Exercise objective: Two lines below mark the span: the one containing "Motorradtour Kärnten Gailtal_0015.jpg" and the one containing "Spitfire Classic '87". Set down both, plus every line between, exactly as they stand, and nothing else.

Material for this task:
"""
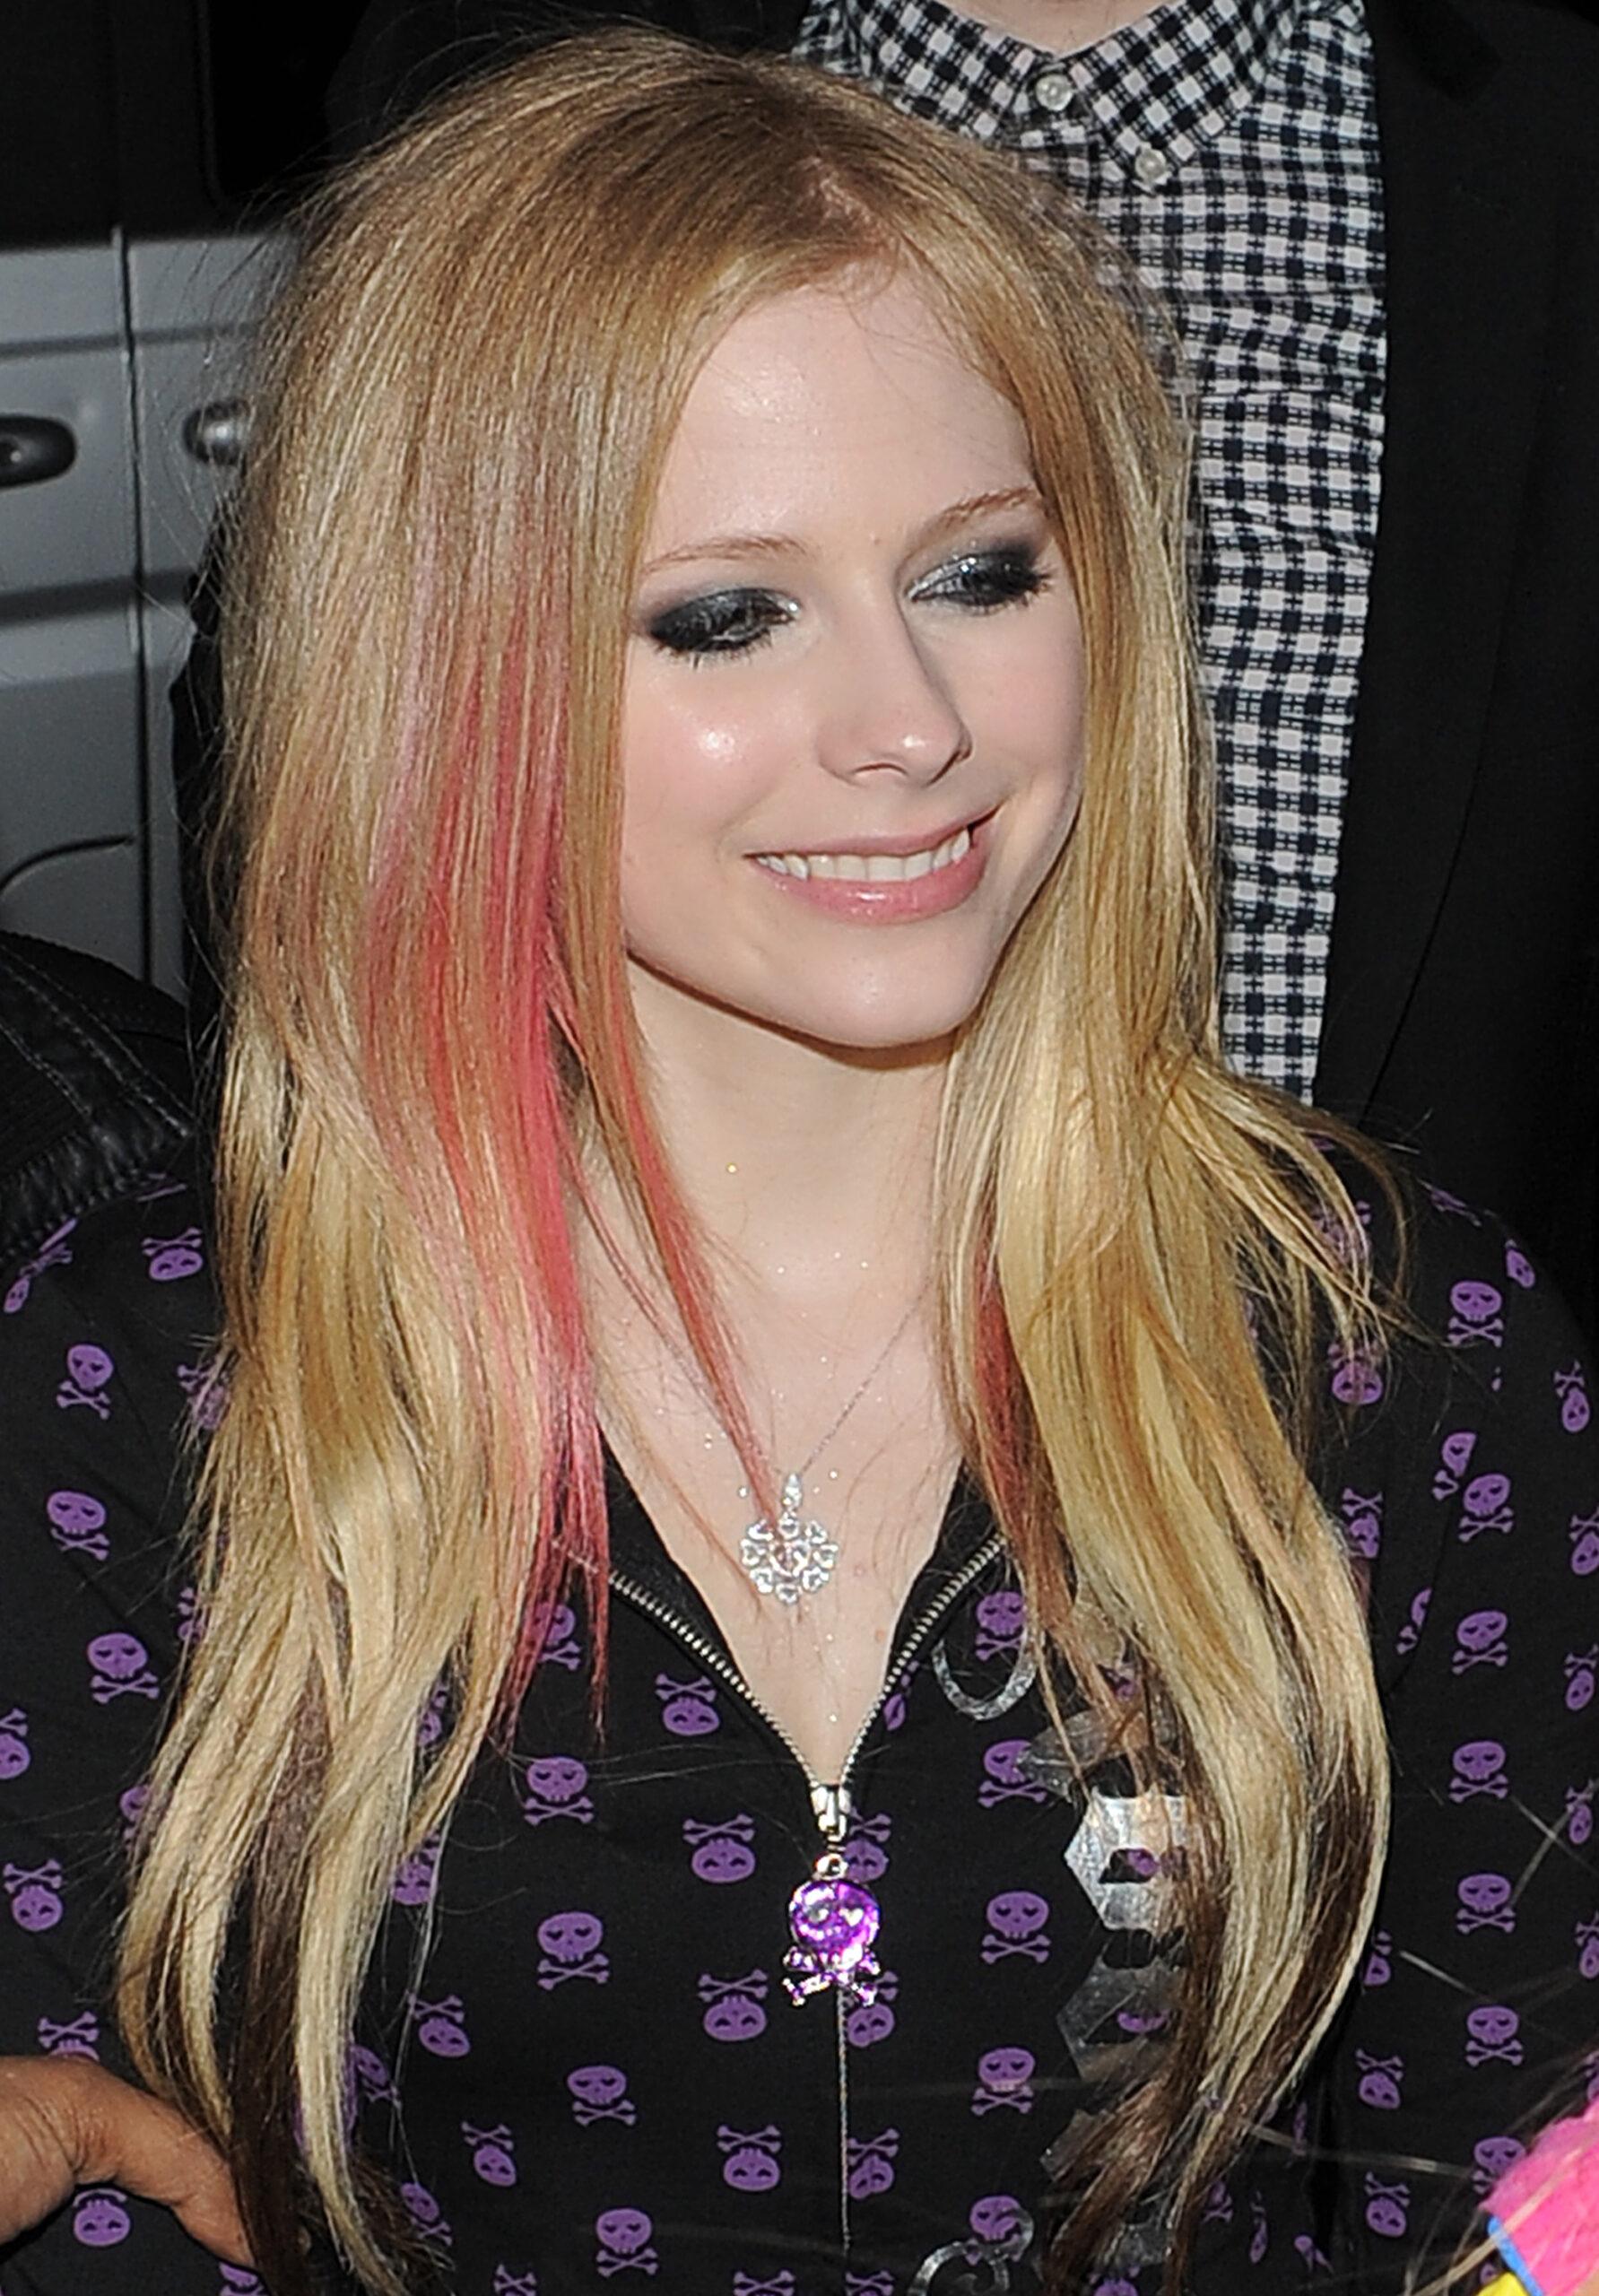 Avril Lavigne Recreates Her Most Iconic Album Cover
"""
"""
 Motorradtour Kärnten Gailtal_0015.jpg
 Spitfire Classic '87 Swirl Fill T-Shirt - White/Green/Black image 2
"""
"""
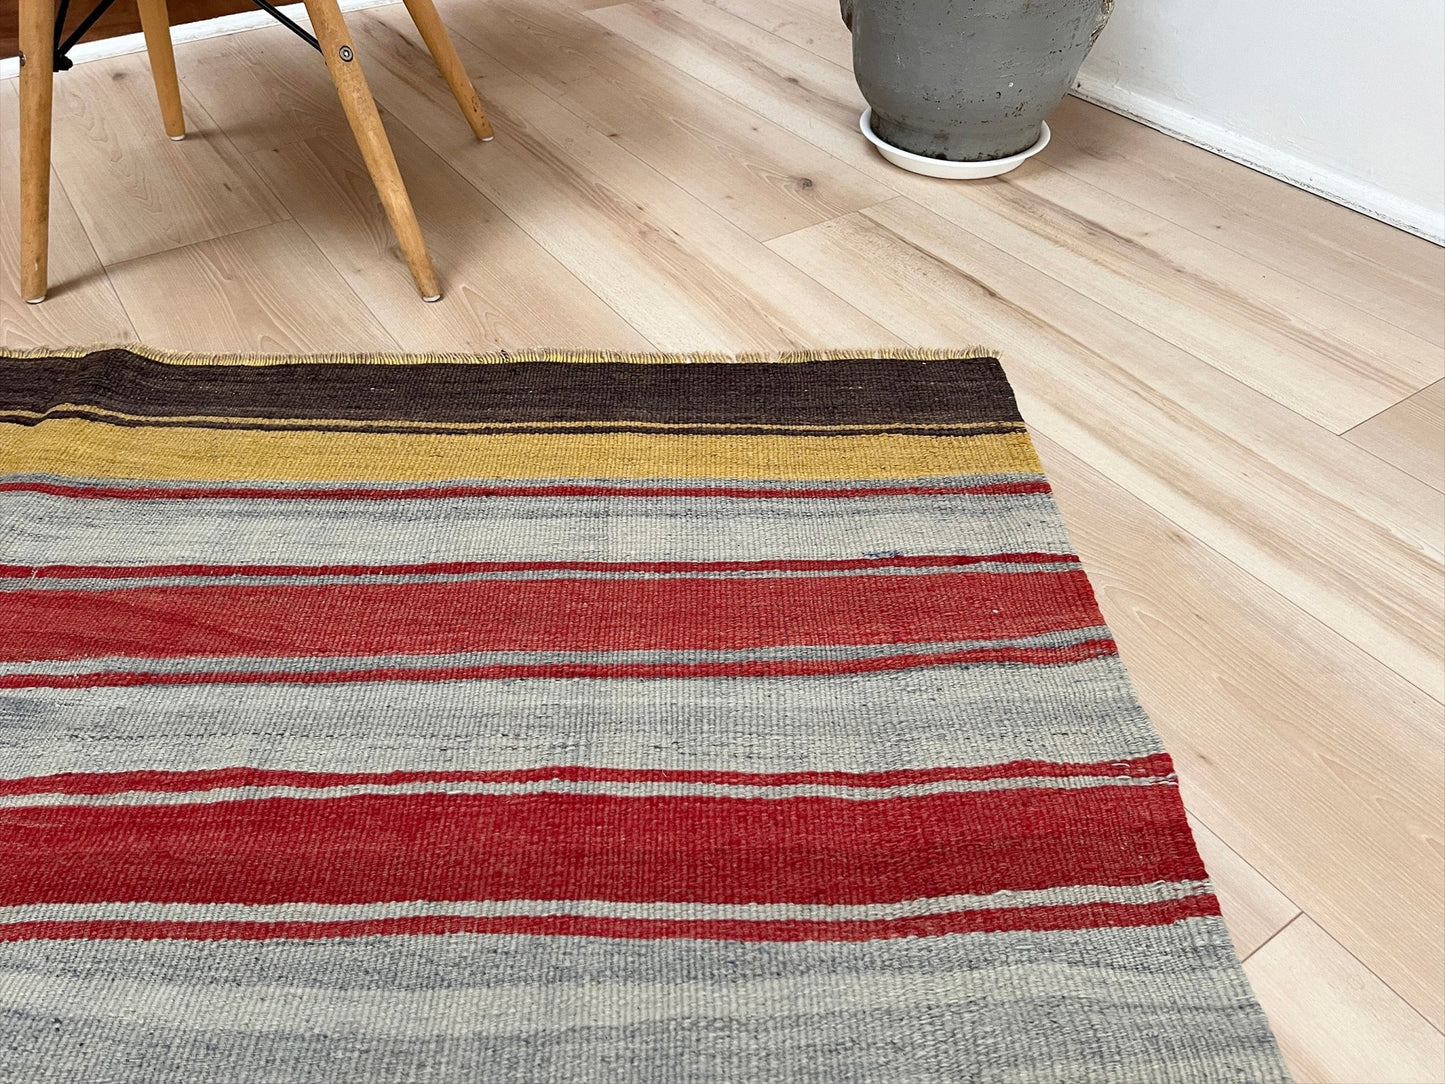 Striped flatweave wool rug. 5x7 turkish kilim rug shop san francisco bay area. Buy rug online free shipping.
"""
Response to the exercise:
 Motorradtour Kärnten Gailtal_0015.jpg
 Spitfire Classic '87 Swirl Fill T-Shirt - White/Green/Black image 2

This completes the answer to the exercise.